Key Facts
- •Brian Larman applied to register title to a small triangle of land he claimed to have been in adverse possession of since 1998.
- •The land is registered as part of Sutton Hall Farm, owned by the Linzell estate.
- •The First-tier Tribunal (FTT) found Larman had been in adverse possession since at least 2003 but his application was rejected because he failed to meet the requirements of Schedule 6, paragraph 5 of the Land Registration Act 2002.
- •The FTT judge found Larman's reasonable belief that the land was his ceased in 2007 due to a land registry search he commissioned.
- •Larman appealed, arguing the judge's findings were incorrect and his belief remained reasonable.
Legal Principles
Adverse possession of registered land requires meeting the conditions in Schedule 6, paragraph 5 of the Land Registration Act 2002.
Land Registration Act 2002, Schedule 6, paragraph 5
The ten-year period of reasonable belief in paragraph 5(4)(c) can be any ten years within the period of adverse possession.

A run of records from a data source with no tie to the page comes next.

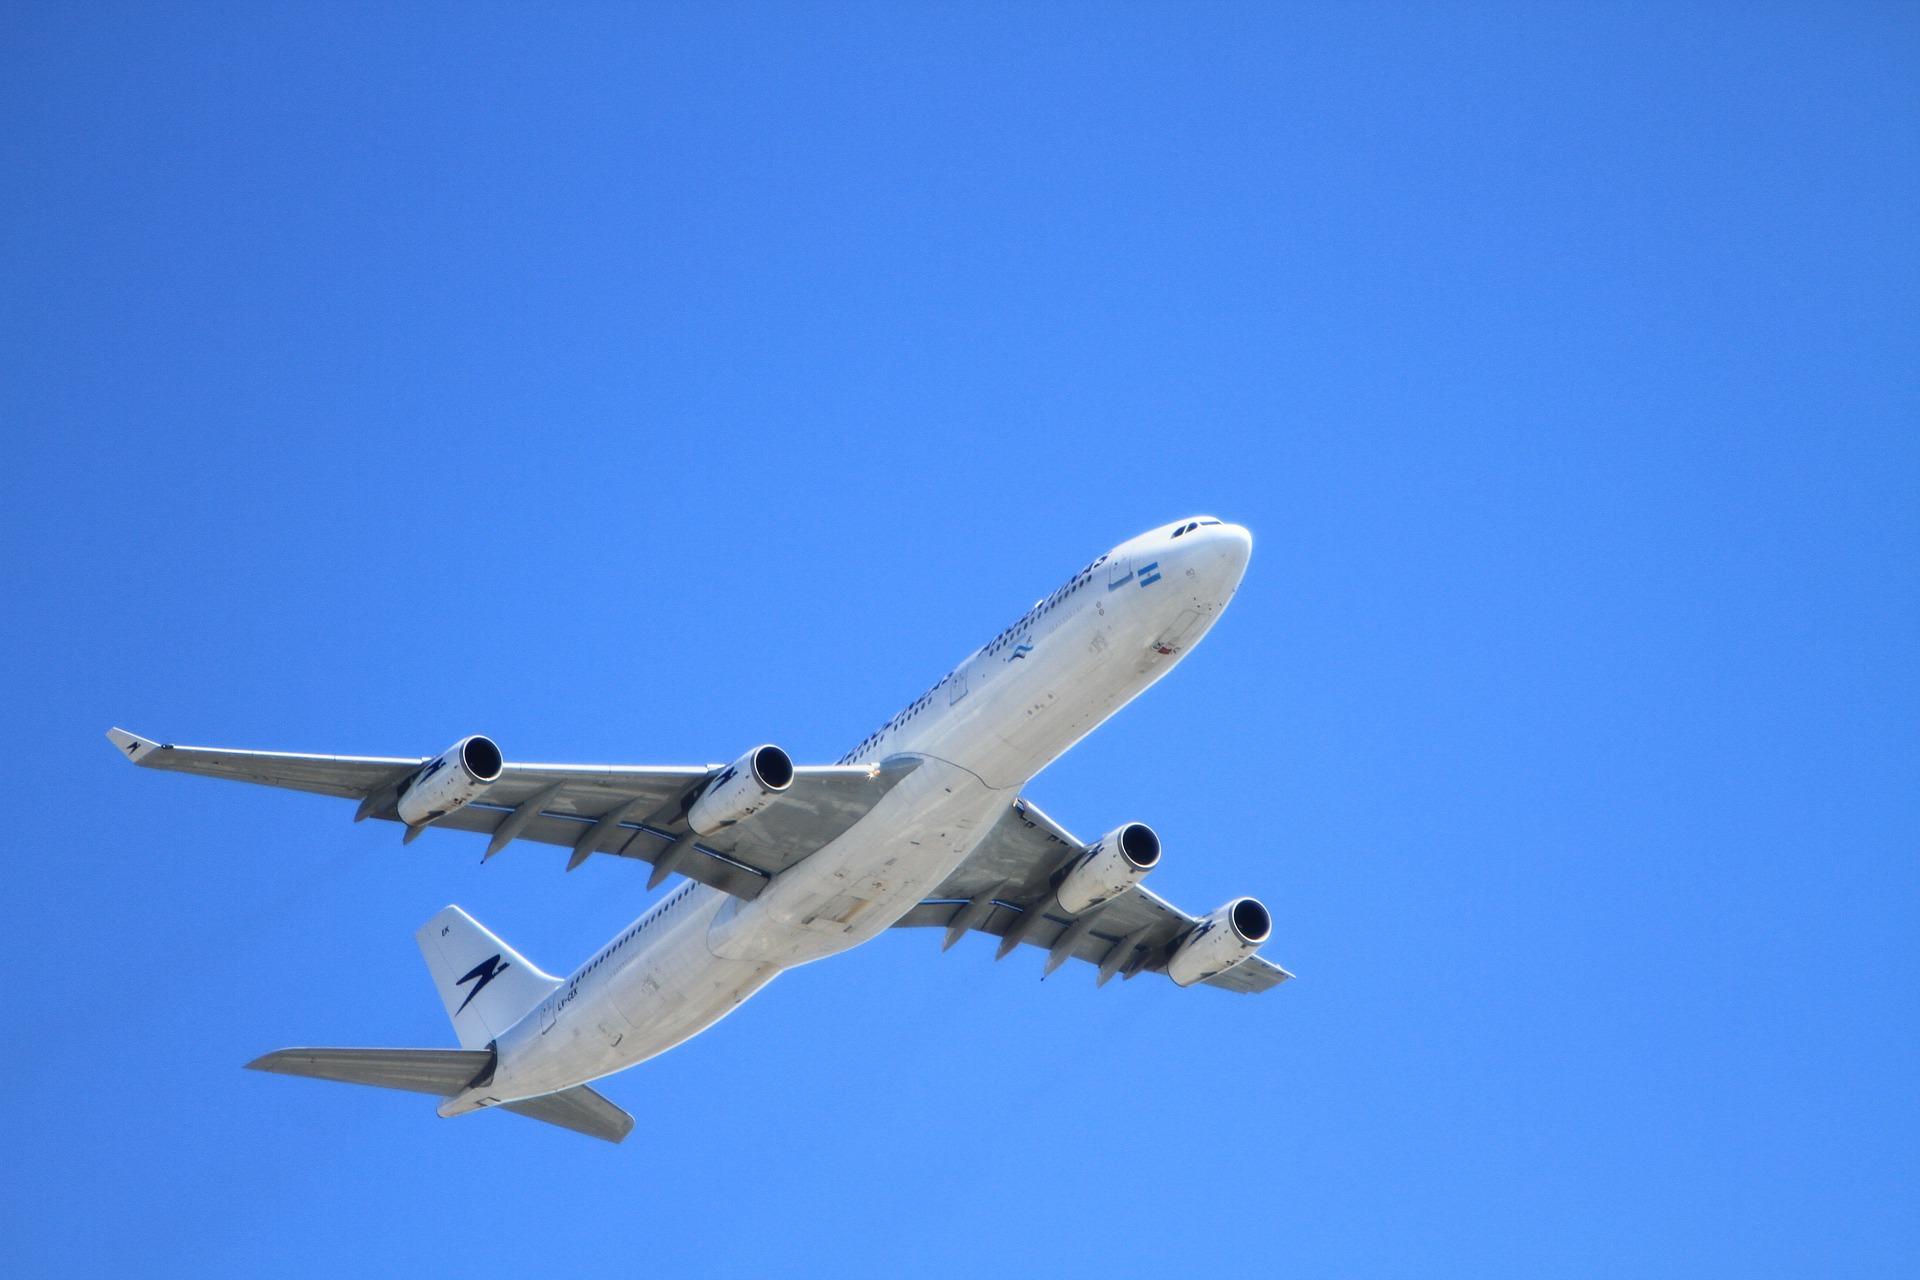 A Liquido ManoLe E Di Regole Bagaglio Lufthansa Ryanair 67yYbgf
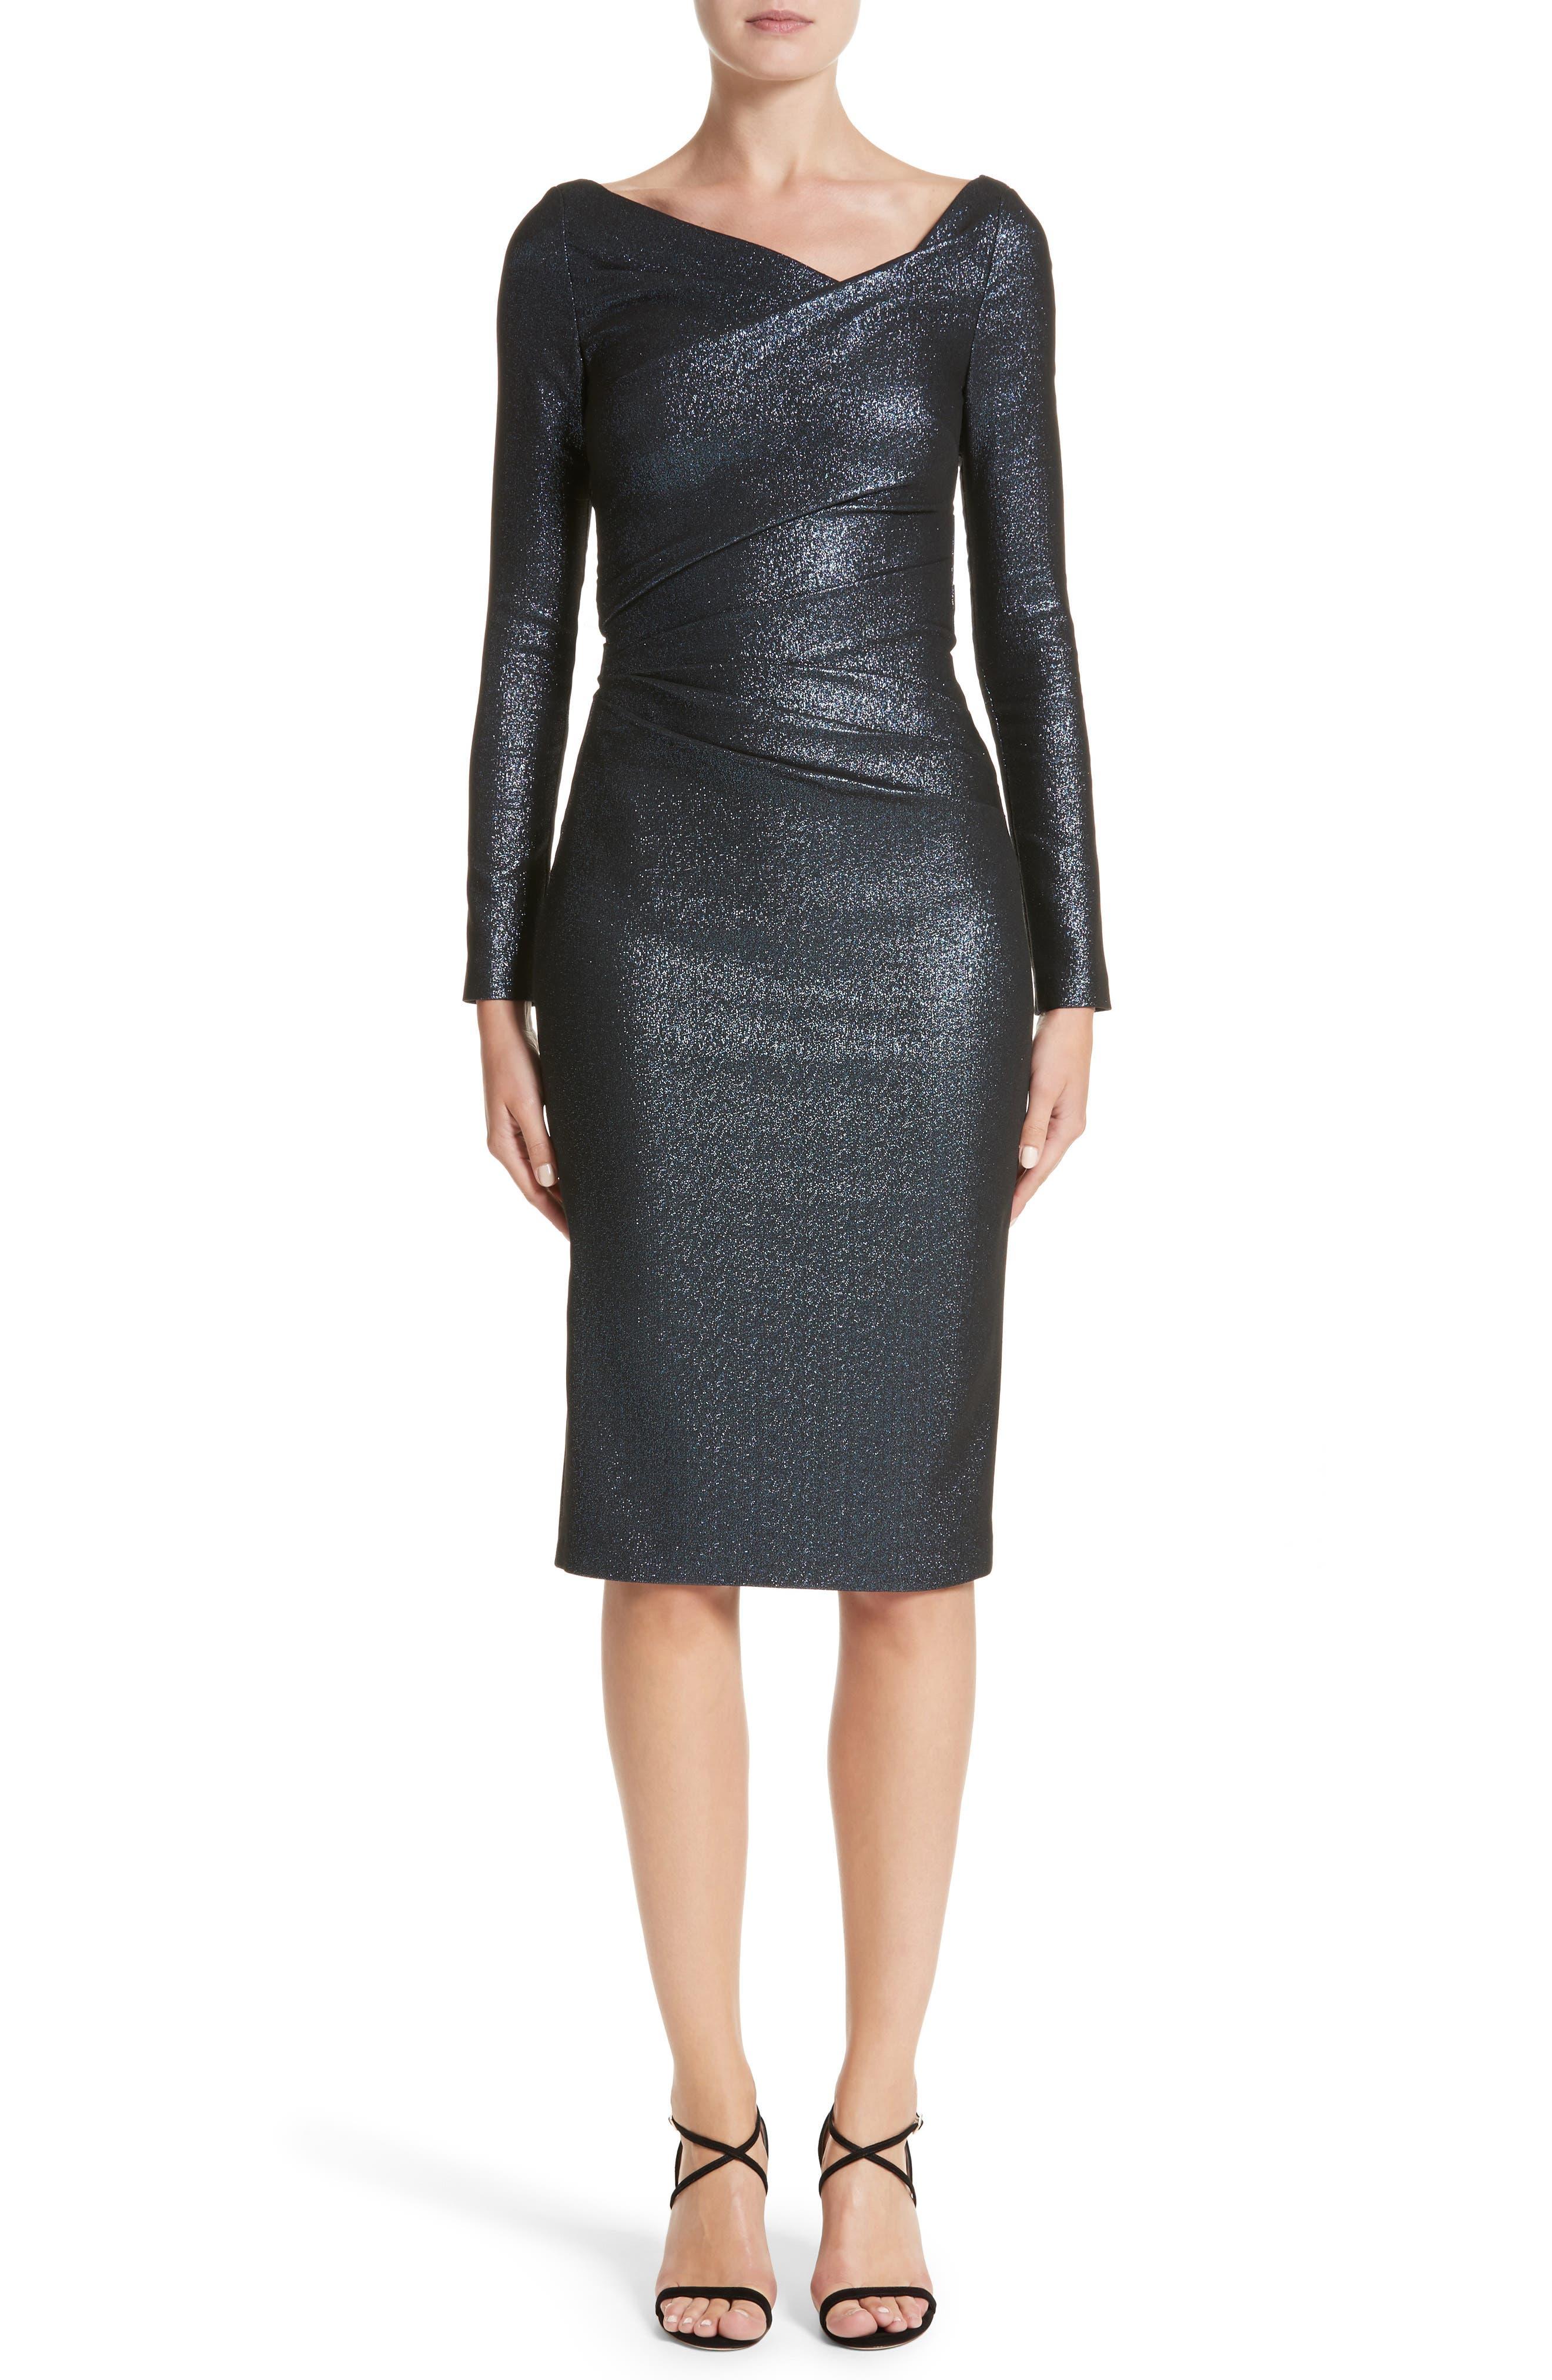 Main Image - Talbot Runhof Metallic Asymmetrical Pleat Cocktail Dress
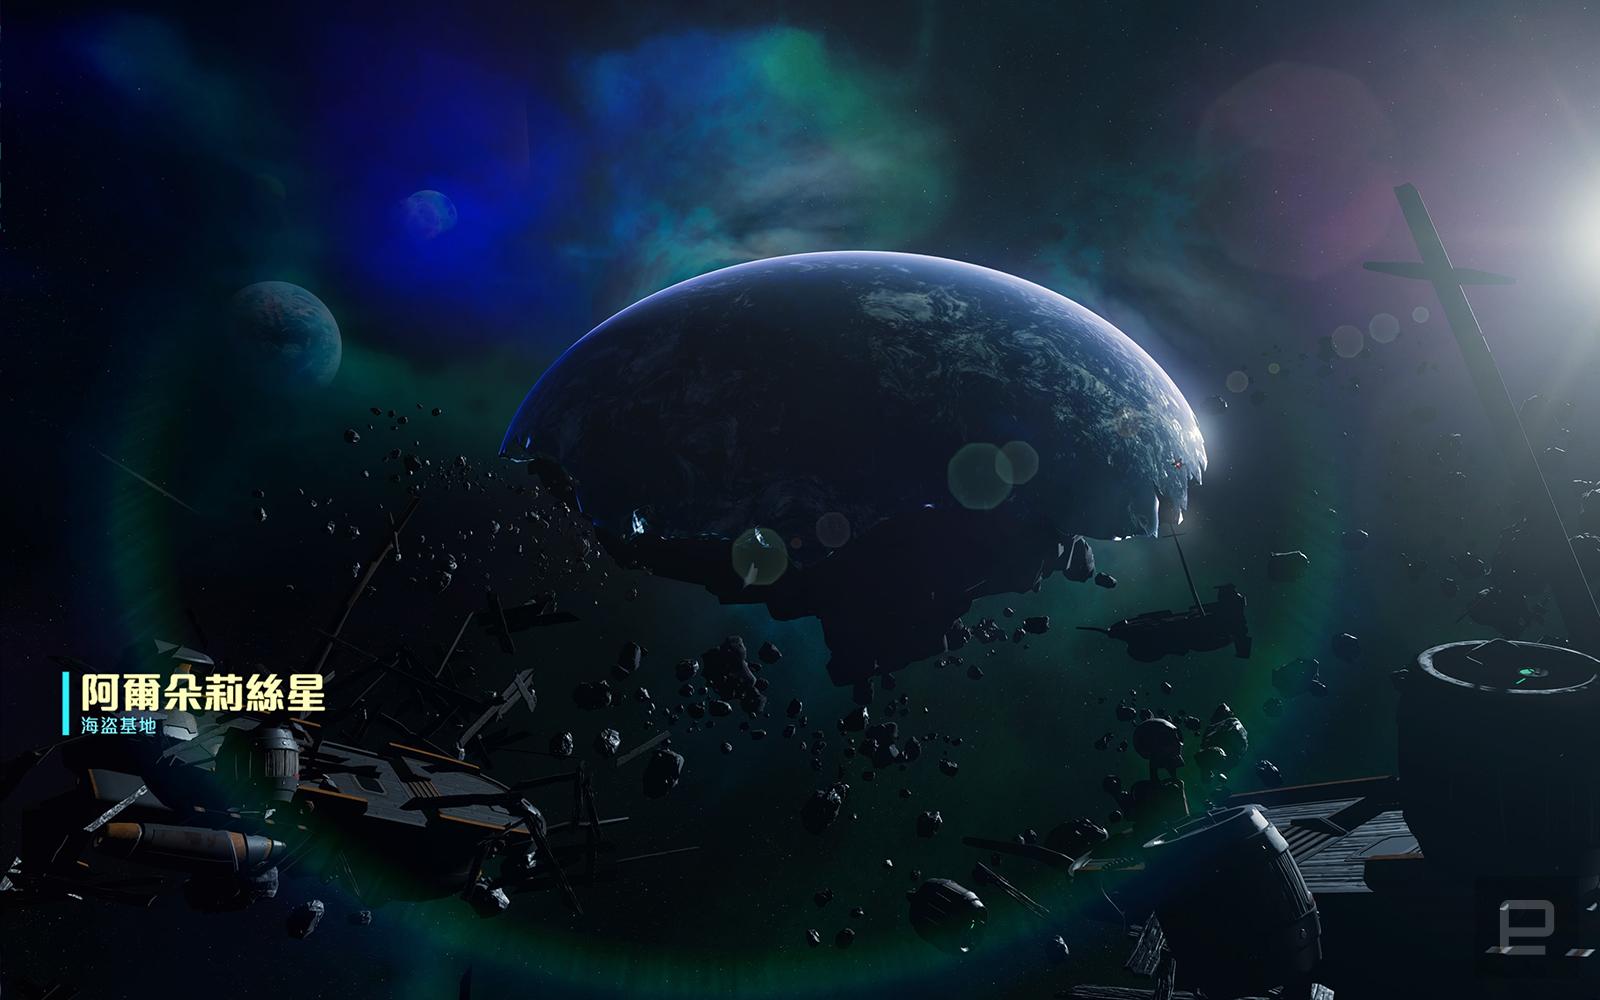 Ratchet & Clank Rift Apart Planet 8
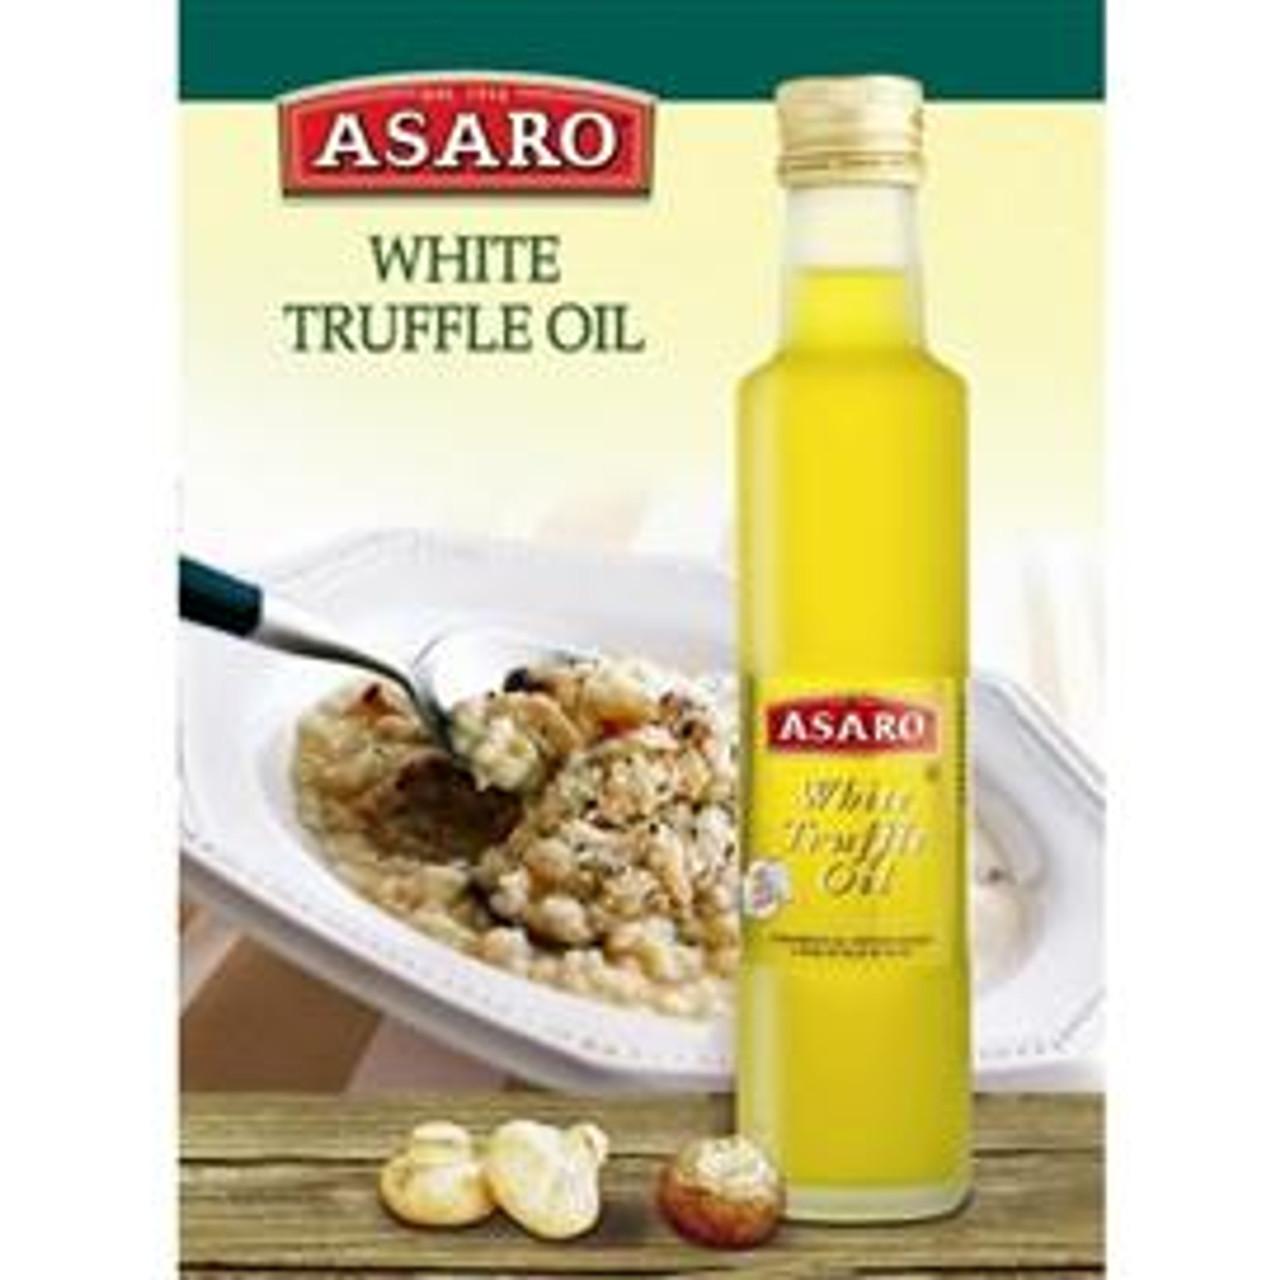 Asaro White Truffle Olive Oil

Brown v Ridley [2024] UKUT 14 (LC)
A solicitor's knowledge is not imputed to an applicant for title by adverse possession.
IAM Group PLC v Chowdrey [2012] EWCA Civ 505
New evidence is admissible on appeal if it could not have been obtained with reasonable diligence at the original hearing, would have an important influence on the result, and is credible (Ladd v Marshall test).
Ladd v Marshall [1954] 1 WLR 1489
Outcomes
The Upper Tribunal allowed the appeal.
The judge's findings regarding the 2007 land registry search were based on conjecture and the new evidence from Larman's solicitor showed the search was for a home information pack, not to advise on adverse possession. Larman's continued belief that the land was his was reasonable, as he was unaware of the search's results.
The FTT's decision was set aside.
The appellant satisfied the conditions in paragraph 5(4) of Schedule 6 to the Land Registration Act 2002.